沈扶楹在心里默默地划掉了一个任务框,然后把目光投向了脑中那张虚拟清单上剩下的最后一项,现在,她就只剩林初彤和江斯言这一对虐文主角还没开始搞拆散计划了。
今天是周六,首府大学的门禁会往后推迟不少,沈扶楹叫来的这群小伙伴个个家世都不差,自然谈不上什么周末必须老老实实住校的清规戒律。但沈扶楹可没忘记今晚这场局的根本原因,她是为了苏若曦来的,不是来开派对的。所以当时间走到晚上十一点,她就跟玩得正嗨的小伙伴们道了别,在一片此起彼伏的挽留声和起哄声里,头也不回地走出了包间。
有了上次处理温梨事件的经验,沈扶楹早已摸清了海棠会所服务生更衣室的具体位置,她轻车熟路地穿过走廊,又亮出了张晴这张万能通行证,一路畅通无阻地走到了更衣室门口。
苏若曦换好便服,满脸疲惫地从更衣室里推门出来,她垂着眼,肩膀微微塌着,整个人都被抽掉了一层力气,然而一开门,她就看见自家舍长正抱臂靠在更衣室门口的墙上。
苏若曦惊讶地抬起头,“楹楹,你怎么在这里呀?”
沈扶楹眉毛一挑:“自然是等你呀,你下班了,我跟你一起回宿舍。”
苏若曦一下子有些手足无措,又有些受宠若惊,两只手不自觉地绞在一起,语无伦次地问:“那……那楹楹,你那些小伙伴们呢?是散场了吗?要不要去送送他们呀?”
沈扶楹毫不在意地摆了摆手:“顾学长会帮我招待好他们的,刚才我已经打过招呼了,我说我要陪舍友一起回宿舍。”
“……这样子啊。”苏若曦轻轻应了一声,手指又不自觉地搅了搅,“那、那我们一块儿回去吧。”
沈扶楹闻言便转过身带着苏若曦朝海棠会所的后门走去,两个人从后门出来,夜风迎面拂过来,带着晚秋微凉的触感,路灯把地面铺成一片昏黄,苏若曦一直低着头沉默不语。
沈扶楹在心里轻轻叹了口气,算了,还是她先开口吧。
“若曦,”她放缓了语调,“这事我本来想过几天再跟你说的,但今天出了这么一档子事,我觉得还是先告诉你比较好。”
苏若曦闻言抬起头,眼神里浮现出一点不解。
沈扶楹继续说道:“上一次我问你是什么事着急用钱,你跟我说,是照顾你长大的孤儿院院长病了,在你告诉我之后,我就托人去了解过吴院长的病情。她的病非常罕见,所以找专家费了些时间,但是,昨天我收到消息了。”
她侧过头看着落后于自己一个身位垂头不语的苏若曦:“我委托的人已经帮你联系好了神经内科、遗传科、康复科、呼吸科等好几个相关领域的专家,很快就可以安排多学科会诊了。”

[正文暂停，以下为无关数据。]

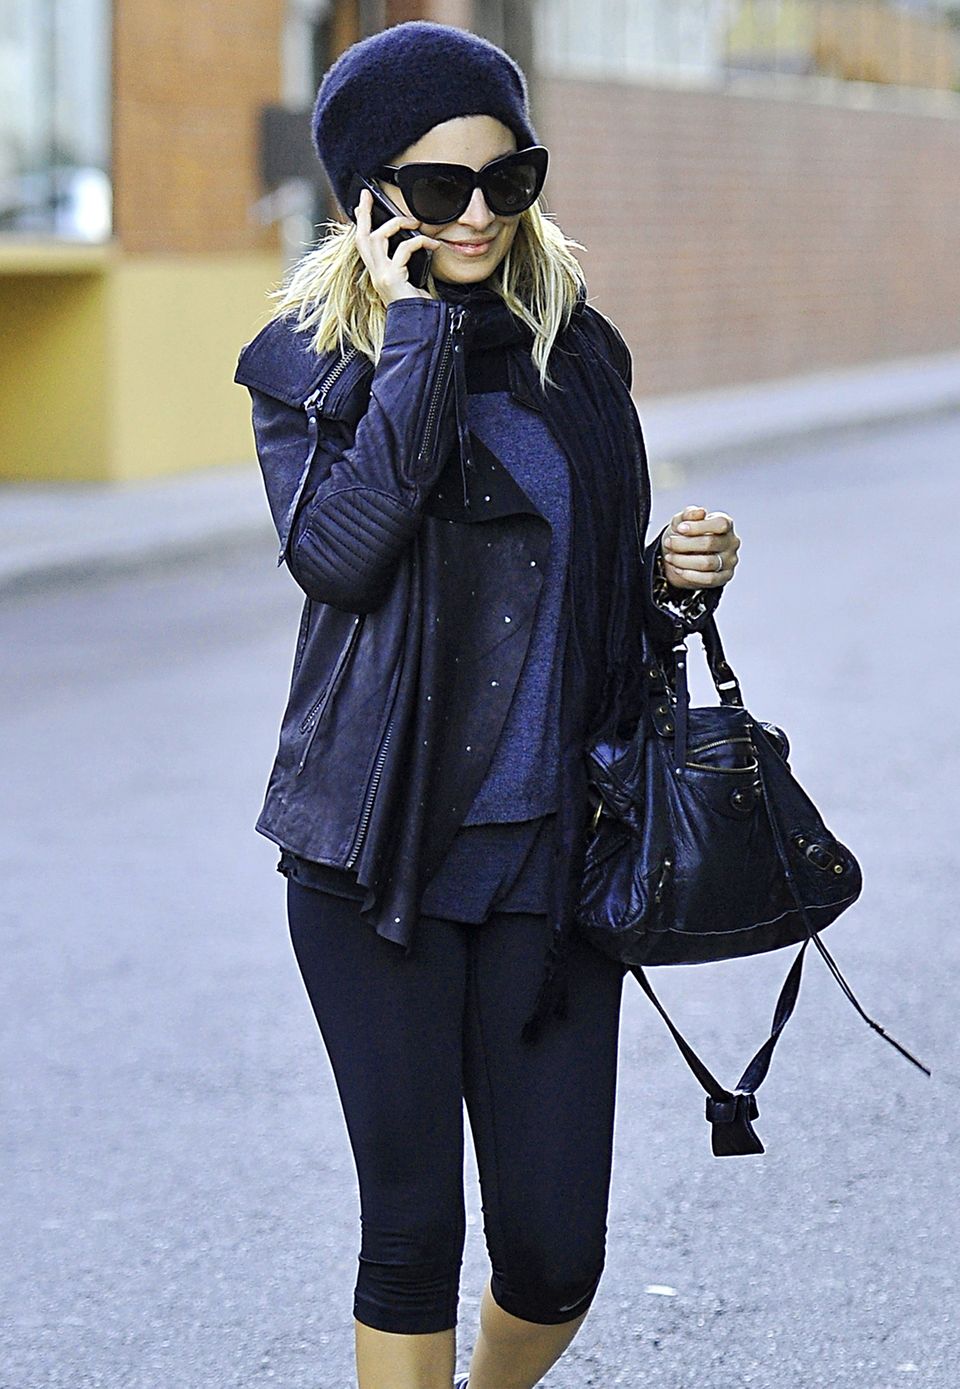 Nicht ganz so sportlich-funktional, dafür aber trendy und rockig sieht Nicole Richie mit ihrer schwarzen "Giant City Bag" von Balenciaga aus.
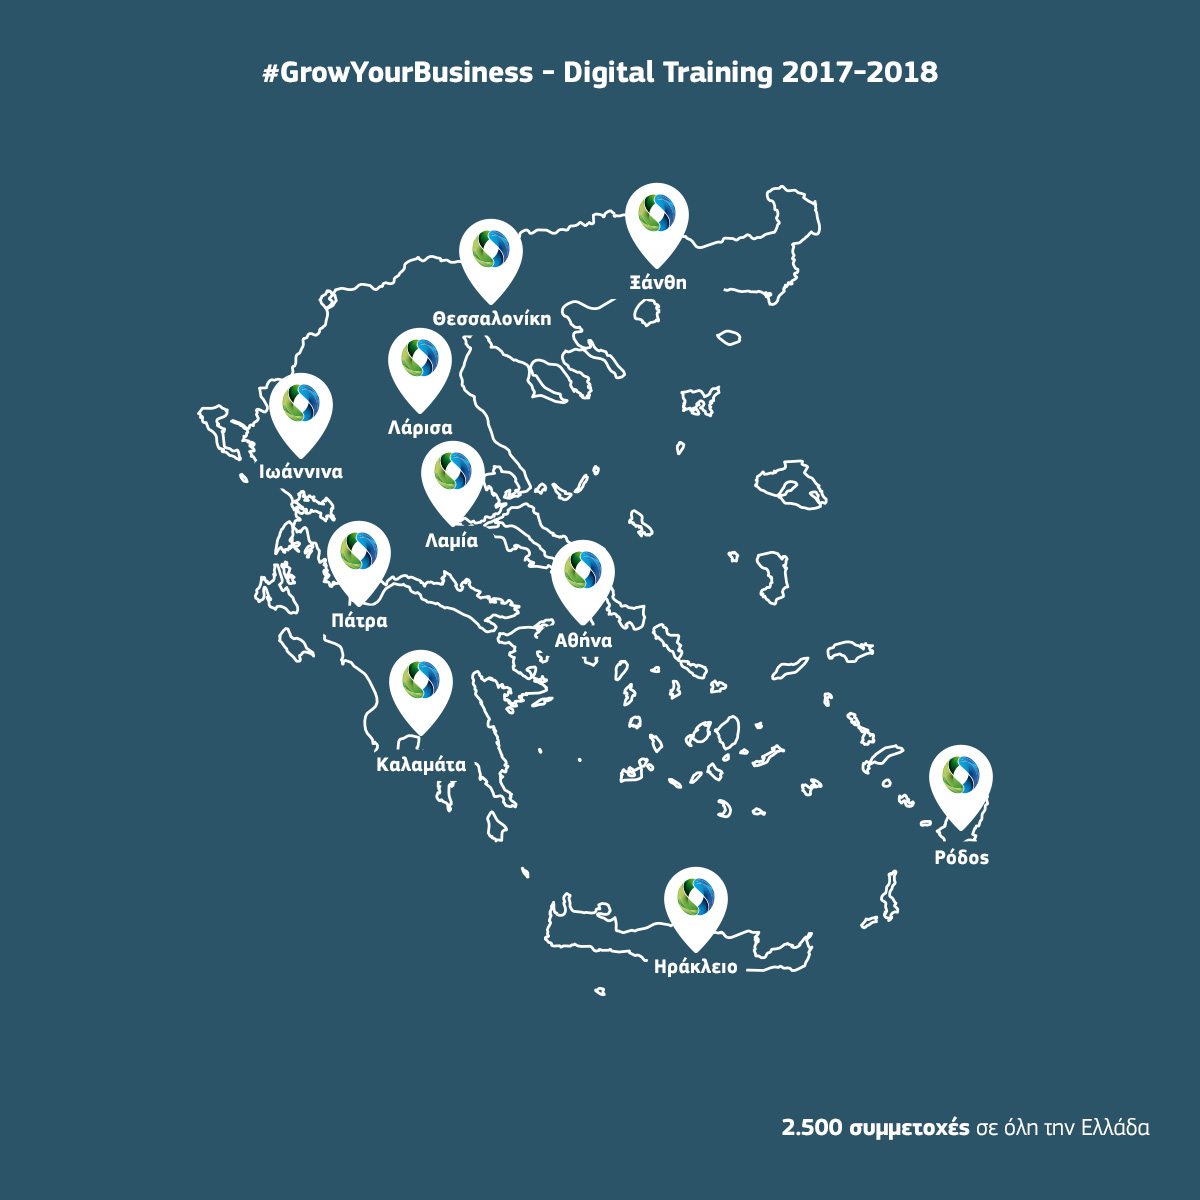 2500 επιχειρήσεις στην ψηφιακή εποχή με το #GrowYourBusiness

苏若曦猛地瞪大了眼睛,她的眼睛在路灯下迅速地湿润起来,嘴唇翕动了好几次,却一个字也说不出来。
看着苏若曦这副模样,沈扶楹在心里又叹了一口气,自从那天被顾承之提醒之后,沈扶楹当天晚上就找了个机会和苏若曦坐下来聊了一次。她三言两语巧妙的引导,三两下就让人老老实实地把所有事都交代了个干净。
果不其然,全被顾承之说中了,苏若曦长大的那家孤儿院的吴院长患了一种神经系统方面极其罕见的病。横在这位老院长面前的难题有两道:一是巨额治疗费,二是就算有钱也未必找得到这方面的顶级专家。
吴院长在孤儿院任职期间为人和善,对孩子们体贴入微,所以她患病之后,许多当年在孤儿院长大,如今已经进入社会的成年人都在用自己的方式为吴院长尽一份心。苏若曦虽然还在读书,但自从得知了吴院长的情况之后,心里便产生了一种强烈的迫切感,所以她才会去了海棠会所做兼职。
而在通过苏若曦了解到吴院长的具体情况之后,沈扶楹也托人做了更细致的调查,调查结果很快回传过来:愿意为吴院长筹集治疗费用的人非常多,而且吴院长自己这些年也有不少积蓄。所以目前横在吴院长面前真正的难题,其实并不是钱不够,而是很难找到这一方面真正顶尖的专家。
所以沈扶楹这一出手,解决的就是目前最大的那道坎。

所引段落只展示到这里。